0
0
Hadoopdata~5 mins

Word count as MapReduce example in Hadoop - Time & Space Complexity

Choose your learning style9 modes available
Time Complexity: Word count as MapReduce example
O(n)
Understanding Time Complexity

We want to understand how the time needed to count words grows as the input text gets bigger.

How does the number of words affect the work done by MapReduce?

Scenario Under Consideration

Analyze the time complexity of the following code snippet.

public class WordCount {
  public static class Mapper extends org.apache.hadoop.mapreduce.Mapper<Object, Text, Text, IntWritable> {
    public void map(Object key, Text value, Context context) {
      String[] words = value.toString().split("\\s+");
      for (String word : words) {
        context.write(new Text(word), new IntWritable(1));
      }
    }
  }

  public static class Reducer extends org.apache.hadoop.mapreduce.Reducer<Text, IntWritable, Text, IntWritable> {
    public void reduce(Text key, Iterable<IntWritable> values, Context context) {
      int sum = 0;
      for (IntWritable val : values) {
        sum += val.get();
      }
      context.write(key, new IntWritable(sum));
    }
  }
}

This code counts how many times each word appears in the input text using MapReduce.

Identify Repeating Operations

Identify the loops, recursion, array traversals that repeat.

  • Primary operation: Loop over each word in the input text in the Mapper, and loop over counts for each word in the Reducer.
  • How many times: The Mapper loops once per word in the input; the Reducer loops once per unique word's counts.
How Execution Grows With Input

As the number of words grows, the Mapper processes each word once, so work grows directly with input size.

Input Size (n words)Approx.
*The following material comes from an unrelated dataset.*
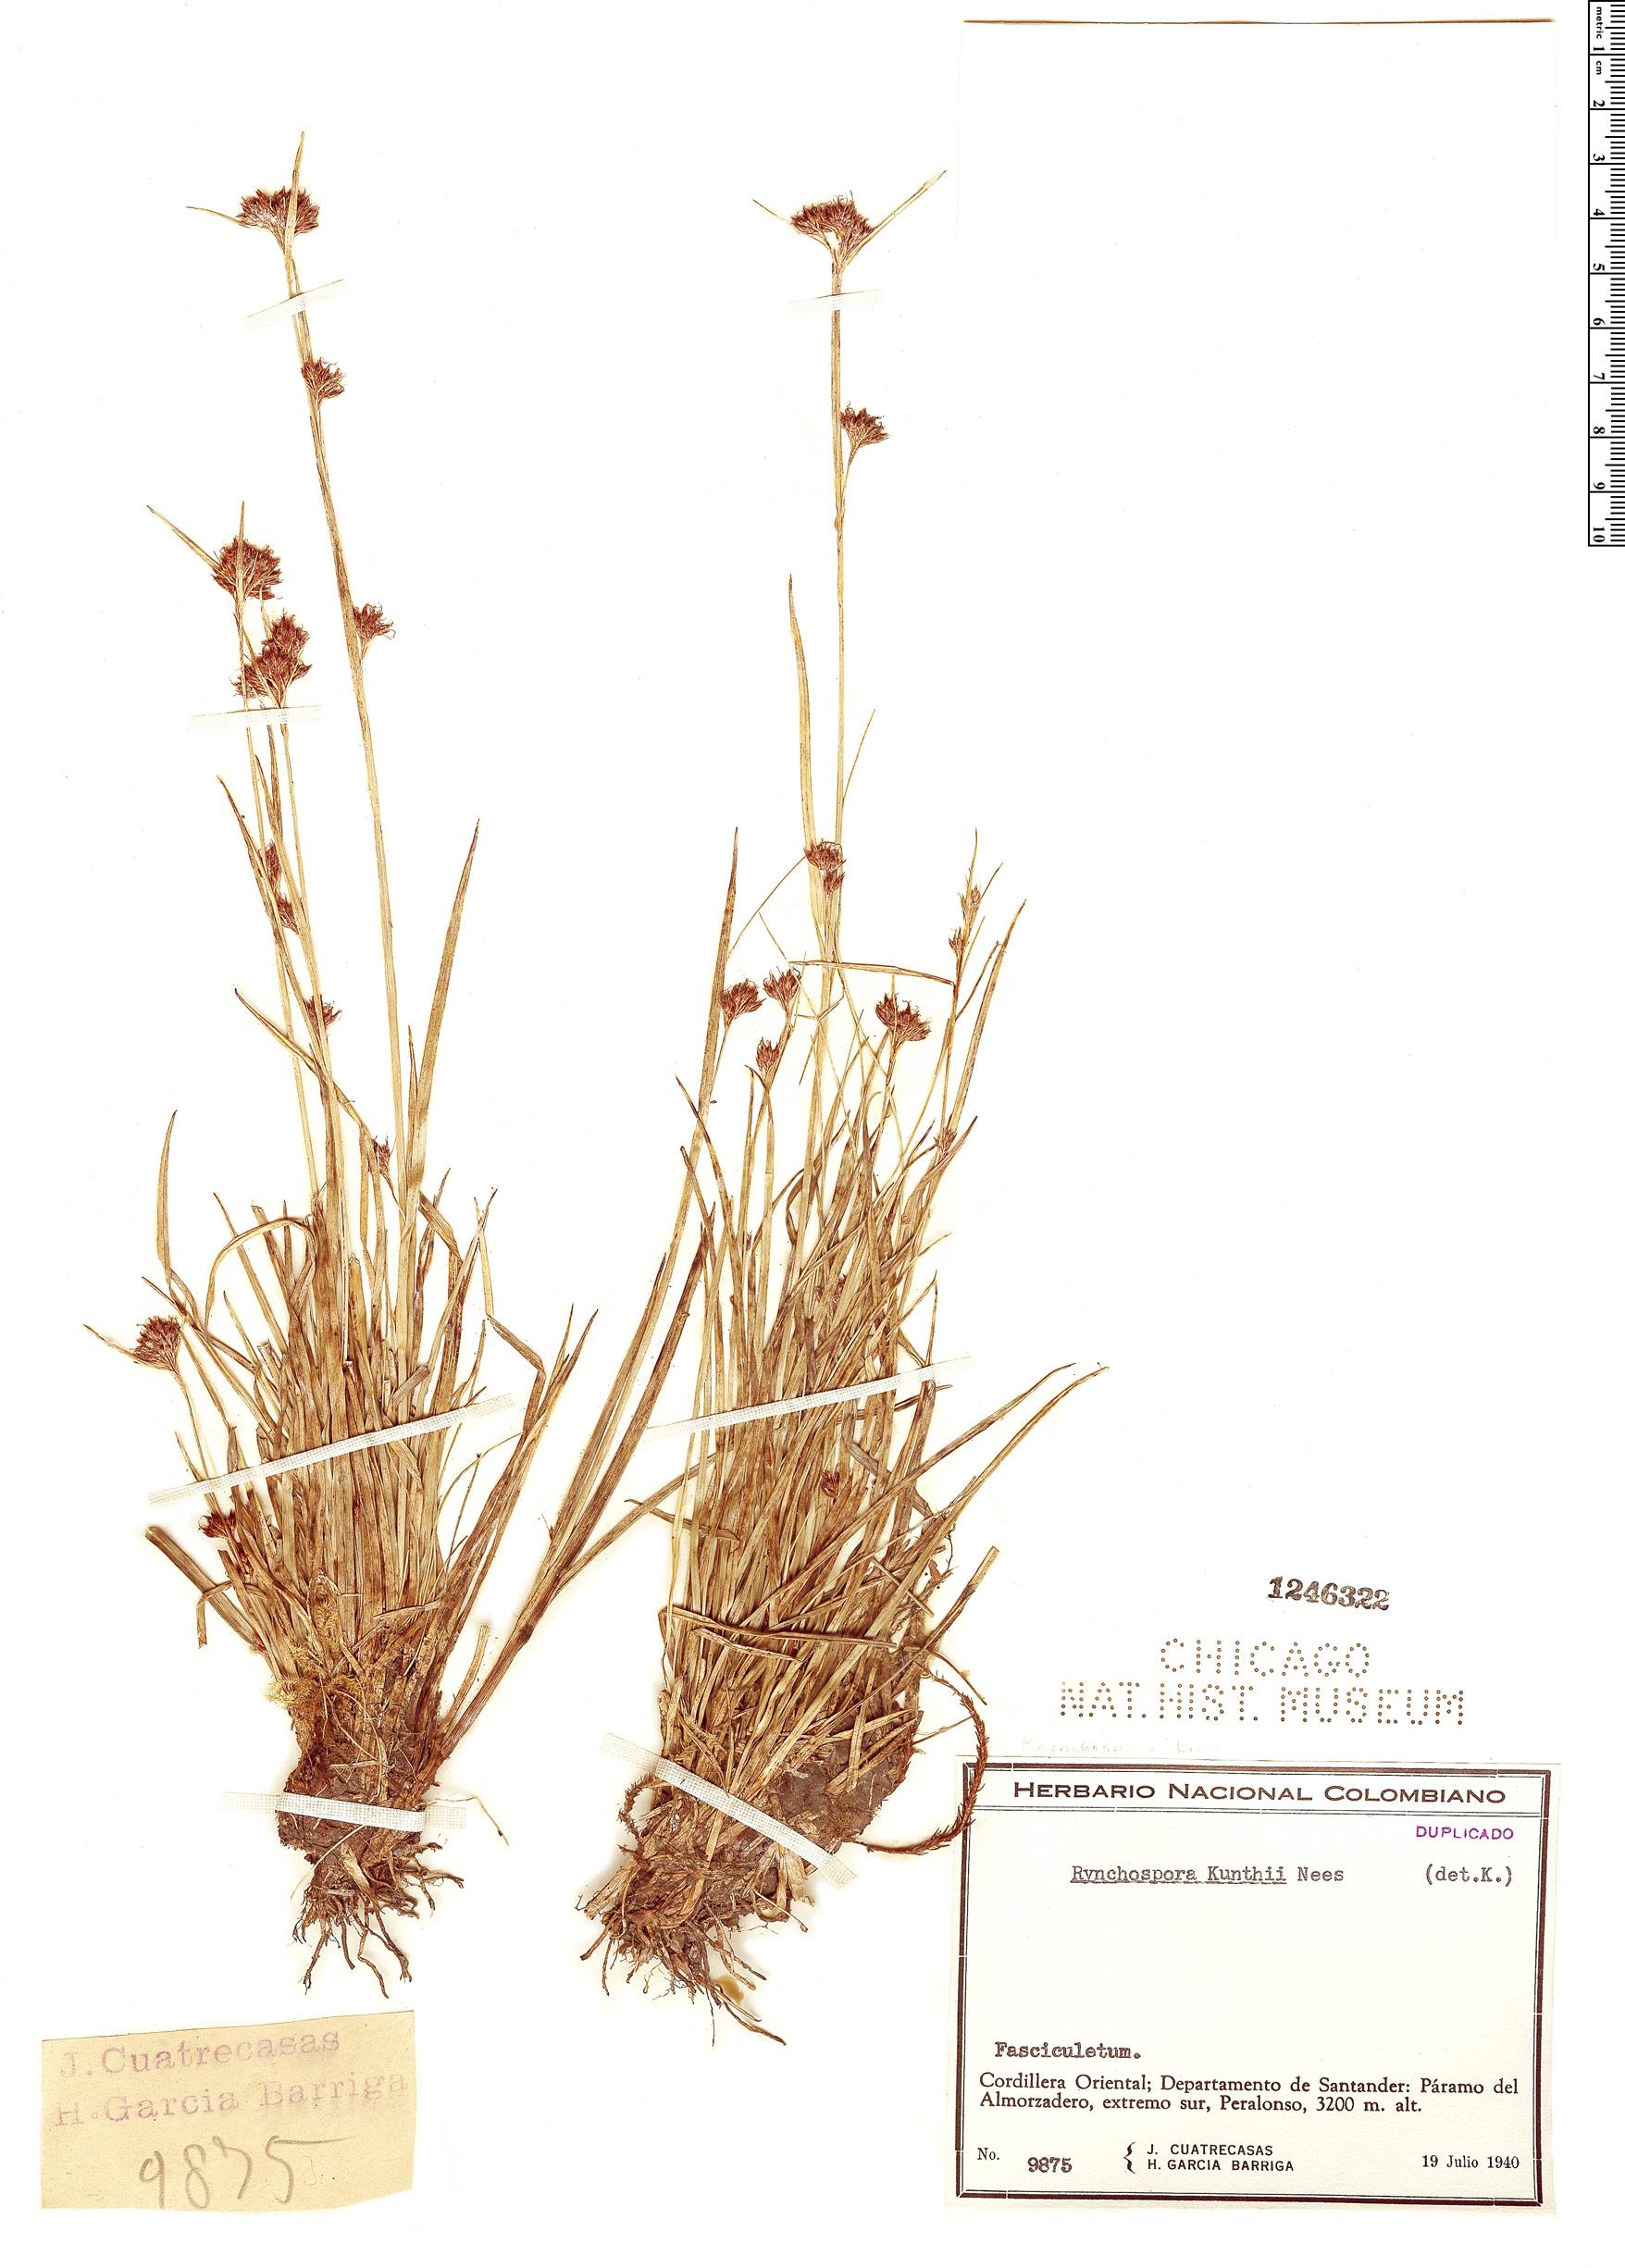 Specimen: Rhynchospora kunthii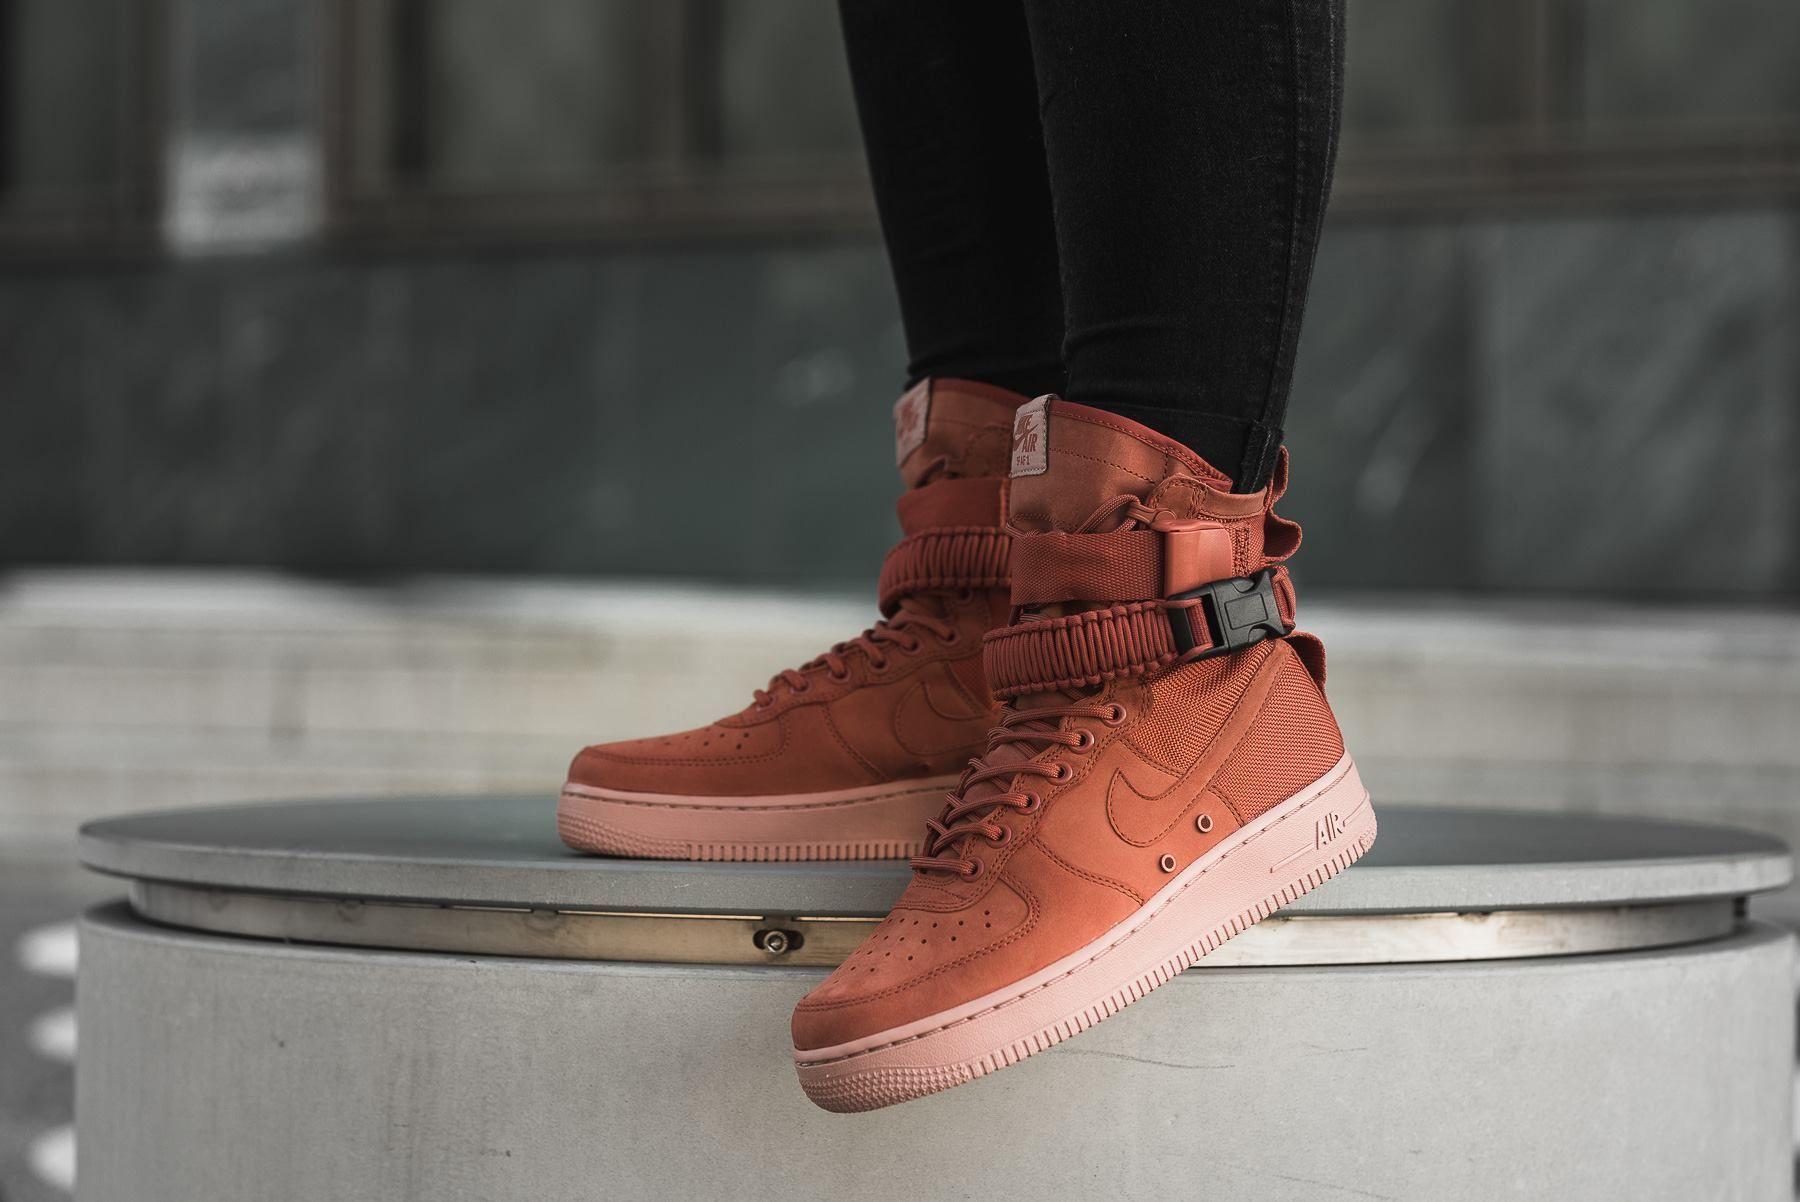 Nike Sf Air Force 1 Dusty Peach Grailify Sneaker Releases Nike Nice Shoes Sneaker Head

Operations
10About 10 map operations + reduce on unique words
100About 100 map operations + reduce on unique words
1000About 1000 map operations + reduce on unique words

Pattern observation: The total work grows roughly in direct proportion to the number of words.

Final Time Complexity

Time Complexity: O(n)

This means the time to count words grows linearly with the number of words in the input.

Common Mistake

[X] Wrong: "The reduce step takes as much time as the map step because it loops over all words again."

[OK] Correct: The reduce step only loops over counts for each unique word, which is usually much smaller than total words.

Interview Connect

Understanding how MapReduce scales with input size helps you explain distributed processing clearly and confidently.

Self-Check

"What if the input text had many repeated words? How would that affect the time complexity of the reduce step?"